When reading this work, anyone other than the most committed intellectual radical will find something shocking in Ophuls’s contentions. Ophuls castigates the entire liberal tradition, which at least until populism—a profoundly anti-intellectual, non-rational movement that took over the Republican Party—was the basis of all American political assumptions. America is, and always has been the liberal society, par excellence. One can quibble about this observation or that, but Ophuls’s critique is radical in the most basic sense of the word: he strikes at the root. Ophuls doesn’t want to make the mistake of many radicals—destroying that which is valuable in the dominant liberal tradition. The recognition of the dignity and human rights of the individual are values that Ophuls recognizes and wants to preserve. (Ophuls gets down to the details of governance in his book Sane Polity: A Pattern Language (2012) (review forthcoming).

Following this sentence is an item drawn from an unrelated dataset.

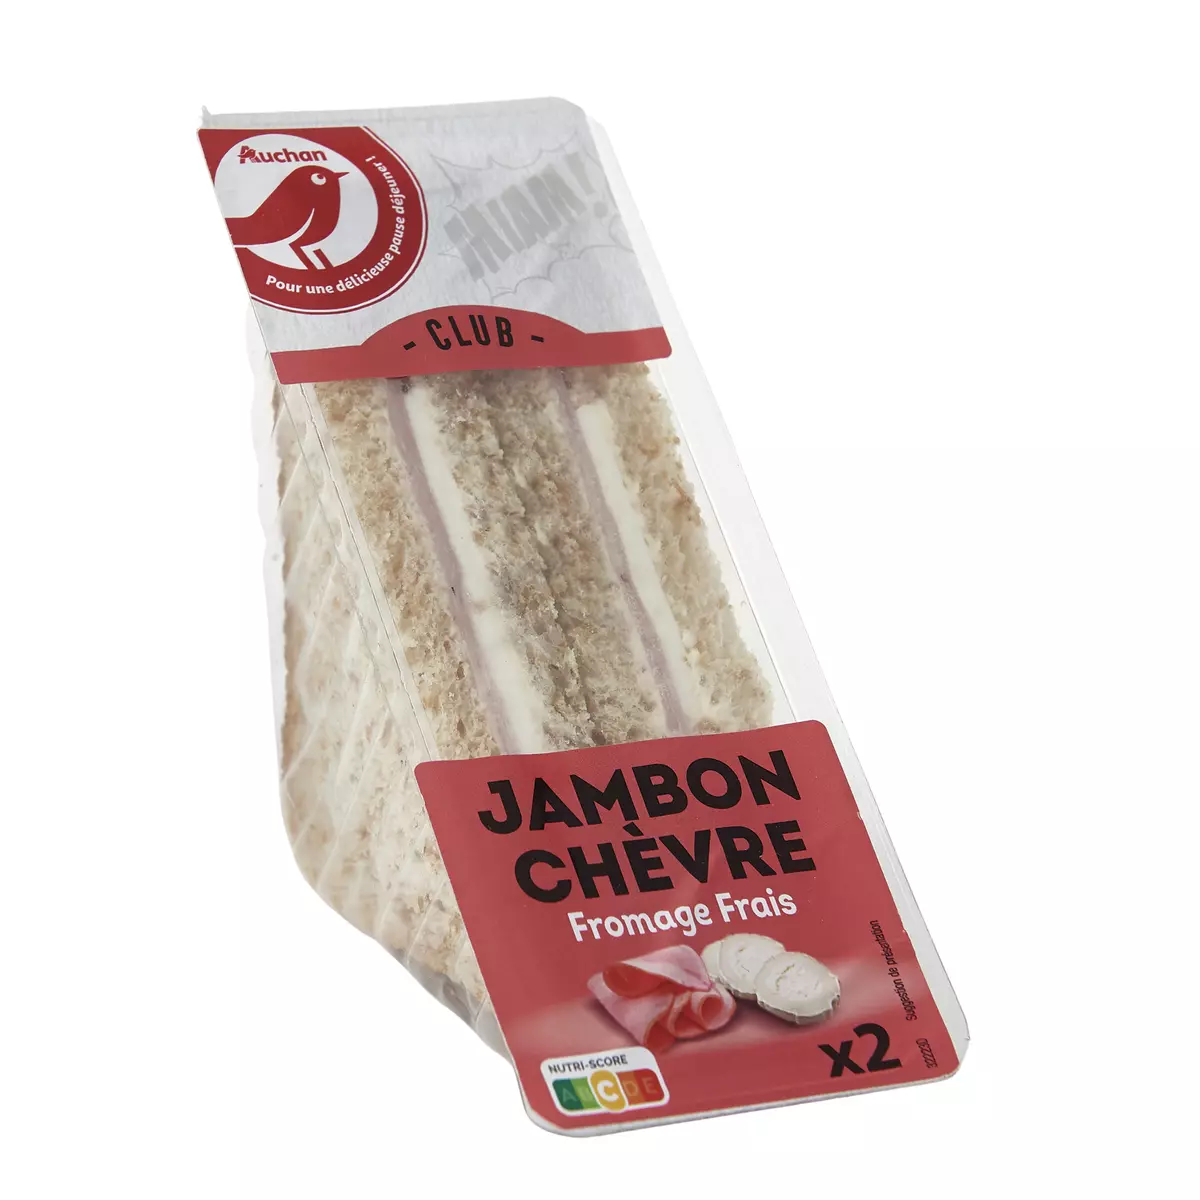 AUCHAN Sandwich club jambon chèvre fromage frais 2 pièces 145g

Some of the criticisms that Ophuls levels are not unique to liberalism or modernity. The creep of government, the liability to fall from youthful idealism to crotchety despotism—the Roman historians, Ibn Khaldun,  and Gibbon all described these conditions centuries ago. (And Francis Fukuyama has updated them in his most recent book, Political Order and Political Decay: From the Industrial Revolution to the Globalization of Democracy (2014)). And not every fault is equal. An argument exists that the U.S. government is too big, too expensive, and too intrusive, but who wants to surrender the feed bag? The military, science, the middle class, the poor (who receive the smallest piece of the pie)? And is the intrusion, at least in economic affairs, so great? Some intervention is needed to protect consumers from corporations and to preserve the integrity and viability of markets. So while these are real concerns, they don’t rise to the level of his more fundamental critiques.

Ophuls has performed a great service with this book: he has criticized some of the key assumptions of our most cherished ideas; he has questioned the very nature of our collective enterprise, and he has done so without rancor and with a sincere care for the values worth preserving and further cultivating. This work is a profoundly mature and thoughtful work. The work is fundamental, and he describes it at the beginning:

I envision a politics of consciousness deeply rooted in a renewed erotic connection to nature and to the mysterious and sacred realm out of which both man and nature arise. But destruction is the precondition of creation. We must therefore begin by examining modernity on its funeral pyre, for it is from the ashes of the old order that the phoenix of the new will rise. (xv)


In the coming days, I’ll post some quotes from Ophuls, hoping to plant seeds of thought in interest readers.